Figure 5. Relative abundance of 3 key taxa at the family level. Relative abundance of Bifidobacteriaceae, Lachnospiraceae, and Lactobacillaceae in each community. Significance determined via Tukey’s multiple comparison of means and shown in Supplementary Table S1.
This data was also used to look more closely at specific taxa known to ferment dietary fibers or that showed significant changes in response to these different supplementation options (Figure 6; Supplementary Table S2). As expected, changes seen at this level are donor-, region-, and phase-dependent. Bifidobacterium (Figure 6A) significantly increased in relative abundance with ISF in the PC regions for donor in the luminal phase (q < 0.0005) and the mucosal phase (q < 0.0005), with a smaller, non-significant increase in the DC as well. In the mucosal phase, ISF decreased in relative abundance of Bifidobacterium in comparison with control for donor 3, however this change was not statistically significant. Treatment with SF also increased Bifidobacterium in the luminal phase of the PC in donor 1. Conversely, ISF (q < 0.005) and SF (q < 0.0005) both caused a significant decrease in Bifidobacterium abundance in the PC of donor 2, however the starting abundance of Bifidobacterium was already low.

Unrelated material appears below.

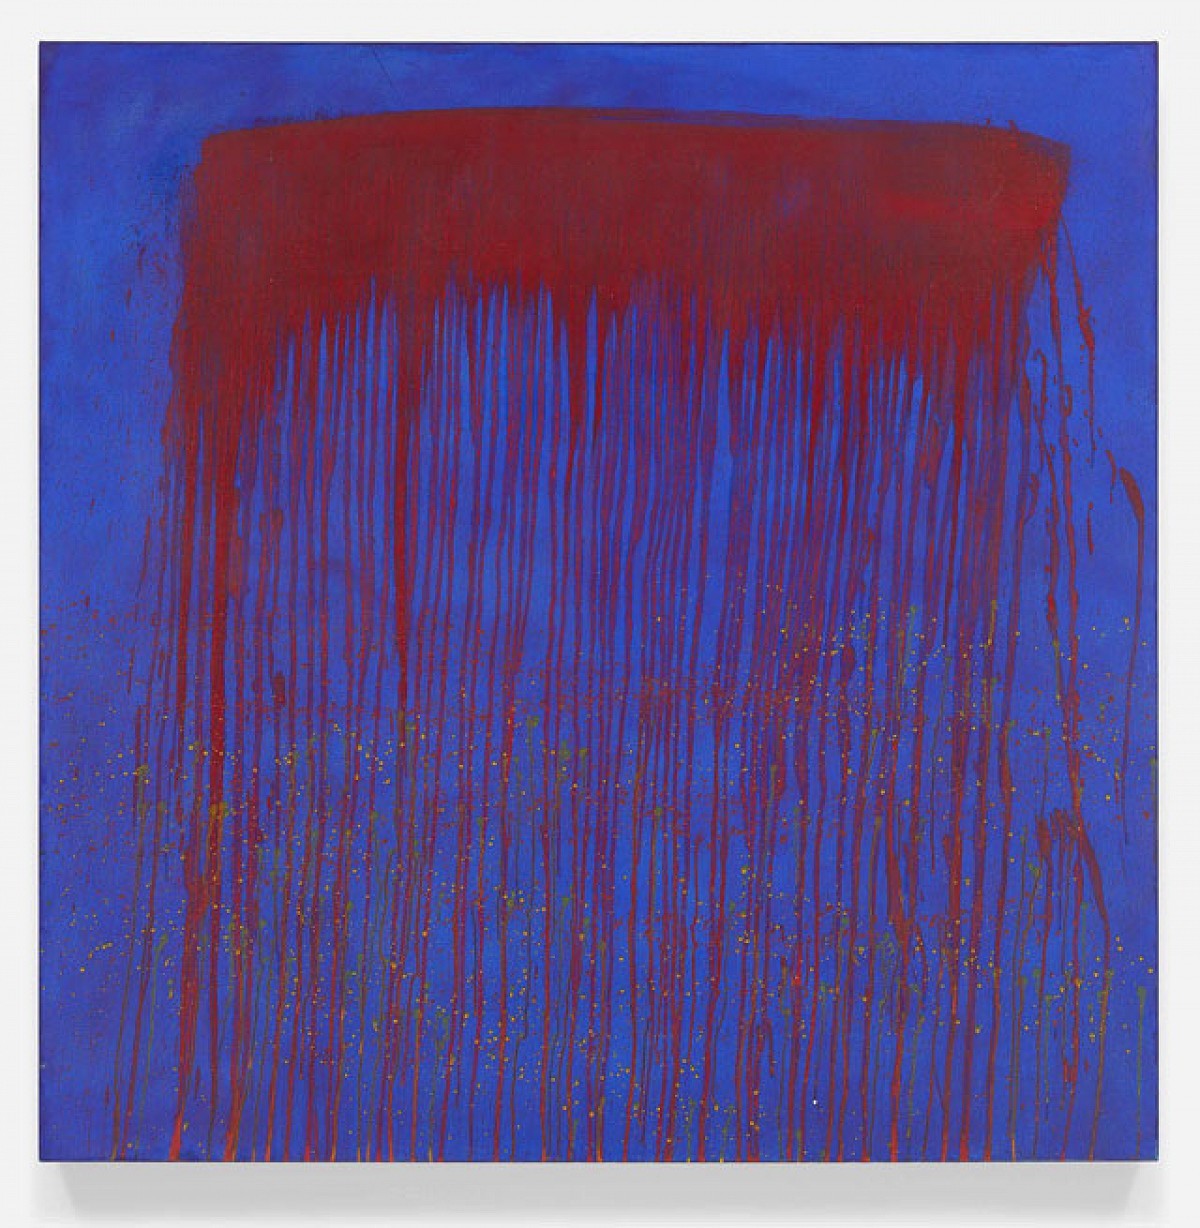 Vibrating Blue and Red Waterfall, 1993

Figure 6. Relative abundance of significant taxa. Colors are as found in previous figures: yellow indicates control, blue indicates ISF, green indicates SF. Significance was determined using ANOVA and is shown in Supplementary Table S2. (A) Bifidobacteriaceae Bifidobacterium; (B) Ruminococcaceae Faecalibacterium; (C) Fusobacteriaceae Fusobacterium; (D) Bacteroidaceae Bacteroides; (E) Lachnospiraceae Blautia; (F) Lachnospiraceae Clostridium; (G) Lactobacillaceae; (H) Lachnospiraceae Roseburia. * = q < 0.05; ** = q < 0.01; *** = q < 0.001; **** = q < 0.0001.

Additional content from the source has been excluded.